How Can We Go Green?
As the keynote speaker of the inaugural BVI Go Green Festival, Angela Burnett Penn outlined simple practices that the BVI can adopt in order to become more environmentally proactive. Her recommendations included steps that individuals can take as well as measures that the BVI government should instil.
“Climate change is a direct result of humans’ unchecked use of fossil fuels for energy,” Ms. Penn said. “While the Virgin Islands and the Caribbean as a whole contribute very little to the problem, we are on the front line of the impact and must be a part of the global effort to curb the problem.”
The three areas that Ms. Penn focused on were energy, water and waste. As an example of energy conservation, Ms.
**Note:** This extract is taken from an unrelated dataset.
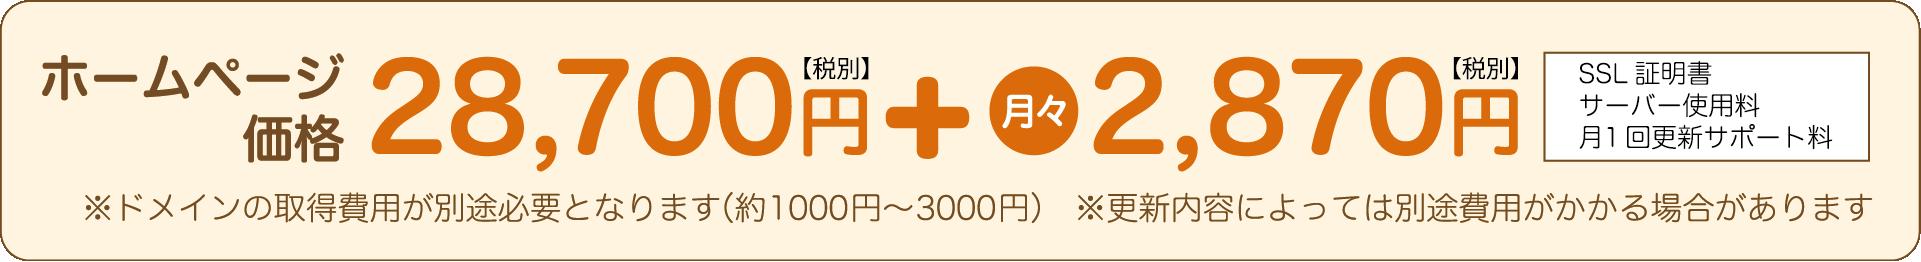 ホームページ価格28,700円【税別】+月々2,870円【税別】※更新内容によっては別途費用がかかる場合があります

Penn cited Barbados’ use of solar water heaters—a program that has led to $400 million savings—a savings that affects individuals as well as government. The Barbados government has supported the solar water heater program by removing import tariffs on materials required to manufacture solar water heaters and then implementing a 30% tax on electric water heaters. The program has created new jobs in the manufacture, installation and servicing of the solar heaters.
For water conservation, Ms. Penn put forth a plan that could save almost 43,000 gallons of water per year for a typical family of four. She suggested the use of ultra-low-flush toilets (saving 15,500 gallons/year), replacing old shower heads with low-flow shower heads (saving 10,000 gallons/year), using aerators on all household faucets (saving 6400 gallons/year), and purchasing a front-loading washing machine instead of a top loader (saving 11,000 gallons/year). Ms. Penn pointed out that the total amount saved equalled the size of a standard cistern in the BVI.
“Everything that passes through our ports, eventually, whether after one week or ten years, ends up at the incinerator,” Ms. Penn said when she shifted her focus to the problem of waste in the BVI. Ms. Penn called upon business owners to commence using environmentally friendly containers for take away instead of polystyrene packaging. Then she brought up the ubiquitous plastic bag. “We can all confess to having more plastic bags stashed under the kitchen sink than we can possibly use,” she said. Also under the sink is what Ms. Penn called a “toxic soup” of cleaning products—chemicals that eventually end up in the sea. Another waste issue that she mentioned was the lack of holding tanks in the BVI for sailing vessels. “We have developed ourselves as the sailing capital of the world,” she said, “yet fail to put in place basic measures to handle waste generated at sea.”
Ms. Penn’s suggestions to individuals, businesses and government were not outlandish; rather, they proposed easy ways that each of us can take accountability for our island habitat which provides us with the water we drink and the air we breathe. Ultimately, she said, “It is a selfish thing to want to protect nature.”